Stemming reduces words to their base or root form by removing suffixes. bun_nltk implements the Porter stemming algorithm with optimized native performance.

Quick Start

import { porterStemAscii } from "bun_nltk";

const word = "running";
const stem = porterStemAscii(word);
console.log(stem); // "run"

Porter Stemmer

The Porter stemmer is the most widely-used stemming algorithm for English.

Single Word Stemming

import { porterStemAscii } from "bun_nltk";

const examples = [
  "running",    // → "run"
  "flies",      // → "fli"
  "happily",    // → "happili"
  "organization", // → "organ"
  "studies",    // → "studi"
];

for (const word of examples) {
  const stem = porterStemAscii(word);
  console.log(`${word} → ${stem}`);
}

Signature:

function porterStemAscii(token: string): string

Input: Any ASCII word (lowercase recommended)
Output: Stemmed form of the word
Performance: Uses optimized native implementation

Stem Verbs

import { porterStemAscii } from "bun_nltk";

const verbs = [
  "running",   // → "run"
  "walked",    // → "walk"
  "flies",     // → "fli"
  "swimming",  // → "swim"
  "played",    // → "play"
];

const stems = verbs.map(porterStemAscii);
console.log(stems);

Stem Nouns

import { porterStemAscii } from "bun_nltk";

const nouns = [
  "cats",       // → "cat"
  "ponies",     // → "poni"
  "cities",     // → "citi"
  "churches",   // → "church"
];

const stems = nouns.map(porterStemAscii);
console.log(stems);

Stem Adjectives

import { porterStemAscii } from "bun_nltk";

const adjectives = [
  "happier",    // → "happier"
  "happiest",   // → "happiest"
  "beautiful",  // → "beauti"
  "careful",    // → "care"
];

const stems = adjectives.map(porterStemAscii);
console.log(stems);

Batch Operations

Process multiple words efficiently.

Stem Token Array

import { porterStemAsciiTokens } from "bun_nltk";

const tokens = ["running", "jumps", "played", "swimming"];
const stems = porterStemAsciiTokens(tokens);
console.log(stems);
// ["run", "jump", "play", "swim"]

Signature:

function porterStemAsciiTokens(tokens: string[]): string[]

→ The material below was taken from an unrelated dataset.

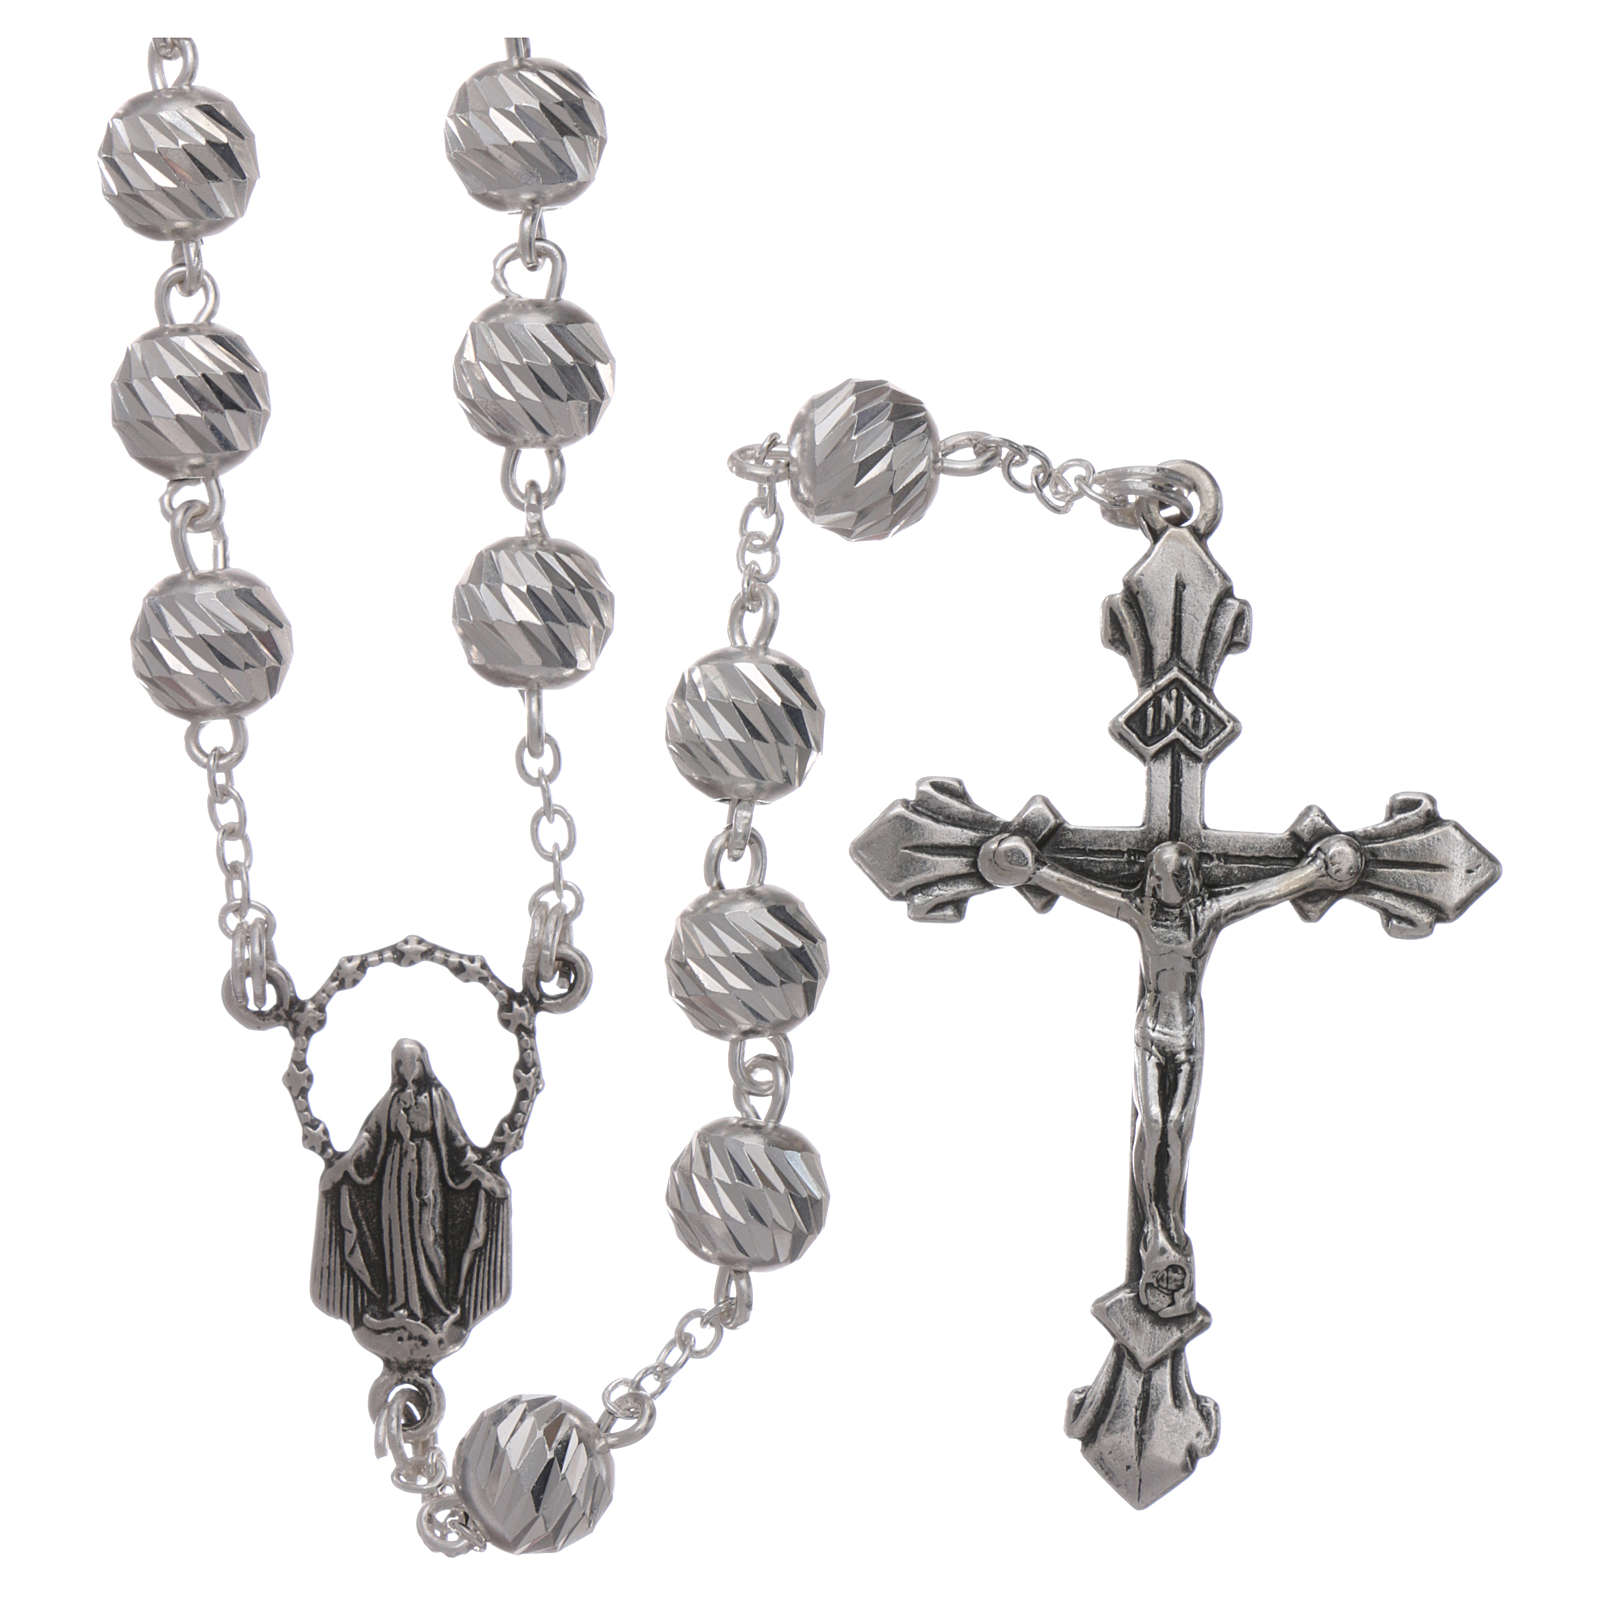 Silver Plate Rosary Bracelet features 6mm Zircon Fire Polished beads The Crucifix measures 5/8 x 1/4 Patron Saint Bachelors/Poland The charm features a St Casimir of Poland medal

Pipeline with Tokenization

import { tokenizeAsciiNative, porterStemAsciiTokens } from "bun_nltk";

const text = "The cats are running and jumping";

// Tokenize
const tokens = tokenizeAsciiNative(text);
// ["the", "cats", "are", "running", "and", "jumping"]

// Stem
const stems = porterStemAsciiTokens(tokens);
// ["the", "cat", "are", "run", "and", "jump"]

Process Documents

import { tokenizeAsciiNative, porterStemAsciiTokens } from "bun_nltk";

const documents = [
  "The dogs are running in circles",
  "Cats jump over fences",
  "Birds fly through the skies"
];

const stemmedDocs = documents.map(doc => {
  const tokens = tokenizeAsciiNative(doc);
  const stems = porterStemAsciiTokens(tokens);
  return stems.join(" ");
});

console.log(stemmedDocs);
// [
//   "the dog are run in circl",
//   "cat jump over fenc",  
//   "bird fli through the ski"
// ]

Common Use Cases

Search Query Normalization

import { tokenizeAsciiNative, porterStemAsciiTokens } from "bun_nltk";

function normalizeQuery(query: string): string[] {
  const tokens = tokenizeAsciiNative(query);
  return porterStemAsciiTokens(tokens);
}

const userQuery = "running shoes for athletes";
const normalized = normalizeQuery(userQuery);
console.log(normalized);
// ["run", "shoe", "for", "athlet"]

// Index documents with the same stemming
const document = "Best running shoe for professional athletes";
const docTerms = normalizeQuery(document);
// ["best", "run", "shoe", "for", "profession", "athlet"]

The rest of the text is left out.